"Kalau itu sudah saya buka. Semua yang di Komisi VIII terlibat. Semua sudah saya sebutin angka-angkanya," ujar Fahd kepada wartawan ketika tiba di gedung KPK, Kuningan, Jakarta untuk menjalani pemeriksaan, Selasa (6/6).
Namun Fahd menolak membeberkannya. Ia berkilah seluruh nama itu telah disampaikannya ke penyidik KPK.
"Kalau soal materi penyidikan, saya tidak berani membuka. Karena itu rahasia. Saya hanya berani membuka ke penyidik dan humas KPK untuk menyampaikan itu. Nah, sekarang tinggal keberanian KPK menyelesaikan orang-orang itu. Berani atau enggak," tuturnya lebih lanjut.
Saat ini mantan anggota Komisi VIII yang terseret kasus itu baru Zulkarnaen Djabar yang telah divonis sejak 2013 lalu. Politisi Golkar itu divonis 15 tahun penjara ditambah denda Rp 300 juta subsider satu bulan kurungan.
Bersama anaknya, Dendy Prasetya, Zulkarnaen dan Fahd menerima suap dari PT Batu Karya Mas karena berhasil membantu agar perusahaan tersebut memenangkan tender proyek. Dendy Prasetya juga telah divonis delapan tahun penjara ditambah denda Rp 300 juta subsider satu bulan kurungan.
"Pak Zul (Zulkarnaen Djabar) dapat berapa. Pak Zul sudah mulai jujur kan, dia membuka siapa-siapa aja yang terima," ucap Fahd.
Dari proyek pengadaan Alquran tahun 2011 dan 2012 itu Zulkarnaen mendapatkan imbalan senilai Rp 9,2 miliar.
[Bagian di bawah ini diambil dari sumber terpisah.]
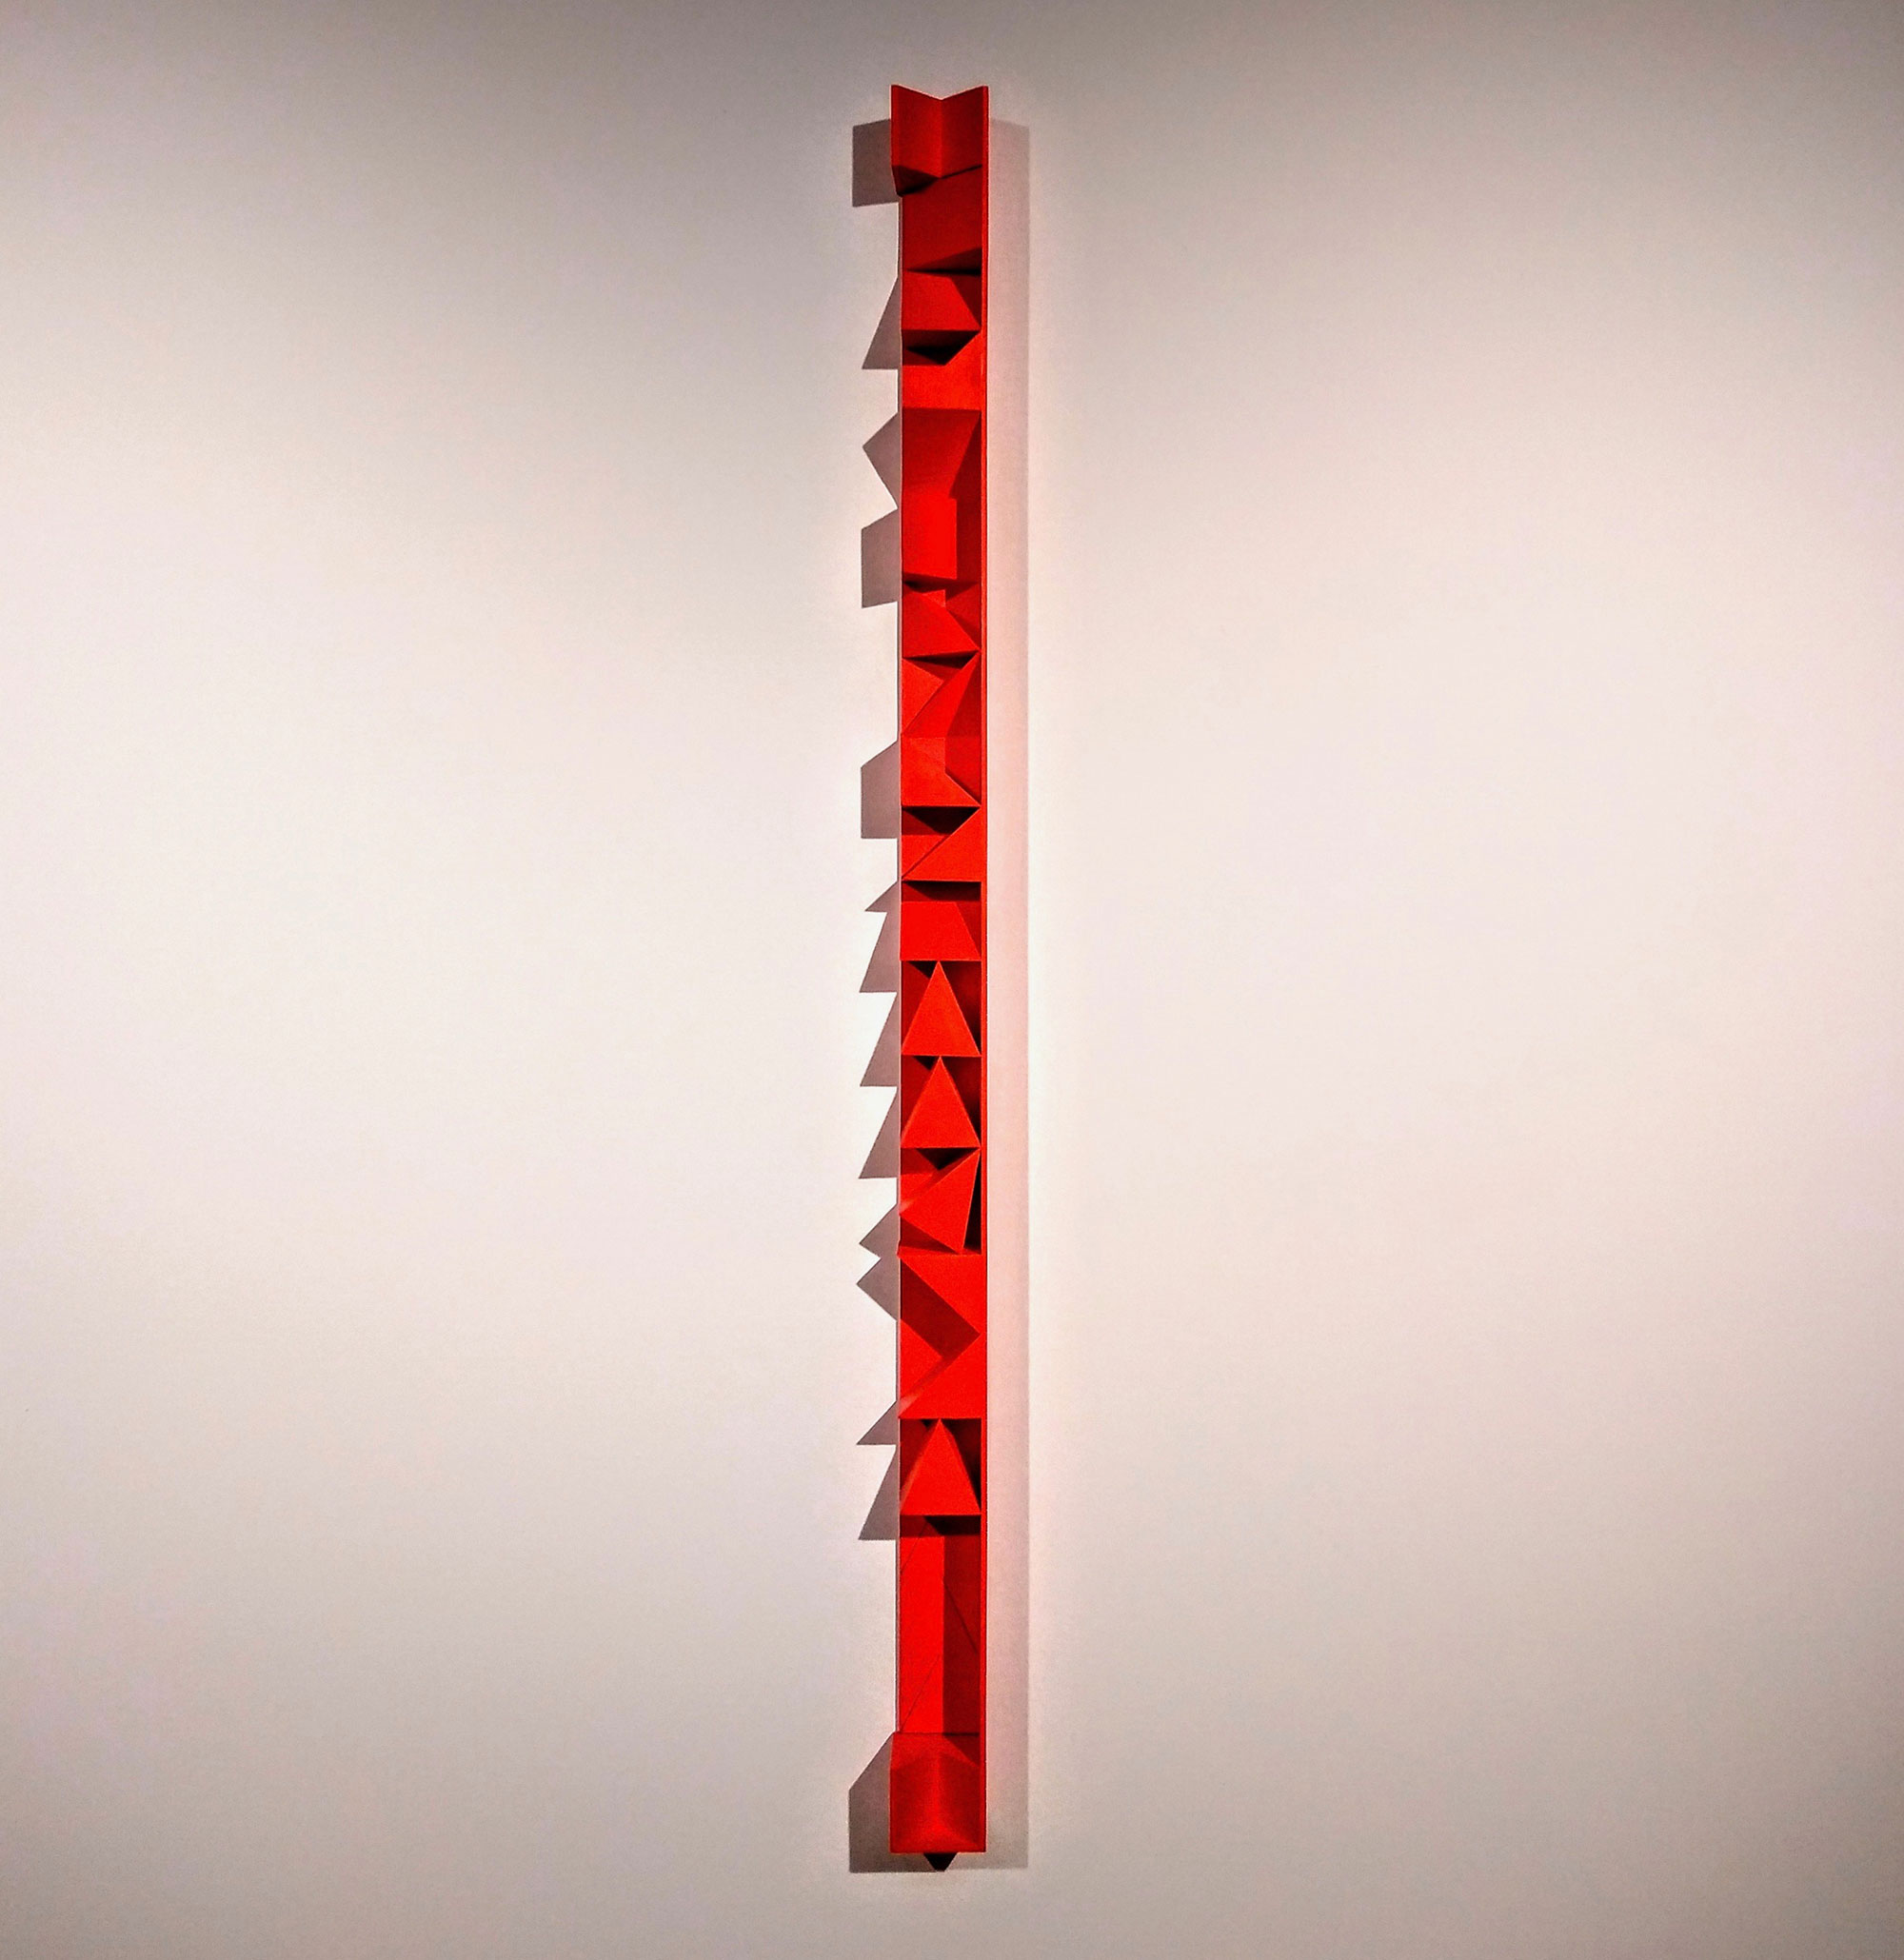 Kenneth Dingwall, Pending, 2019, acrylic on basswood, 152cm x 8.5cm x 7.5cm

Sementara Fahd mendapat Rp 4,7 miliar yang diberikan oleh Abdul Kadir Alydrus, rekanan yang mewakili PT Batu Karya Mas.
Zulkarnaen juga mendapatkan hadiah uang Rp 400 juta karena telah berhasil memperjuangkan dan menyetujui anggaran APBN P 2011 untuk Kemenag. Saat itu Zulkarnaen adalah anggota badan anggaran DPR.
Dengan demikian, total uang yang diperoleh Zulkarnaen dan Dendy mencapai Rp 14,3 miliar.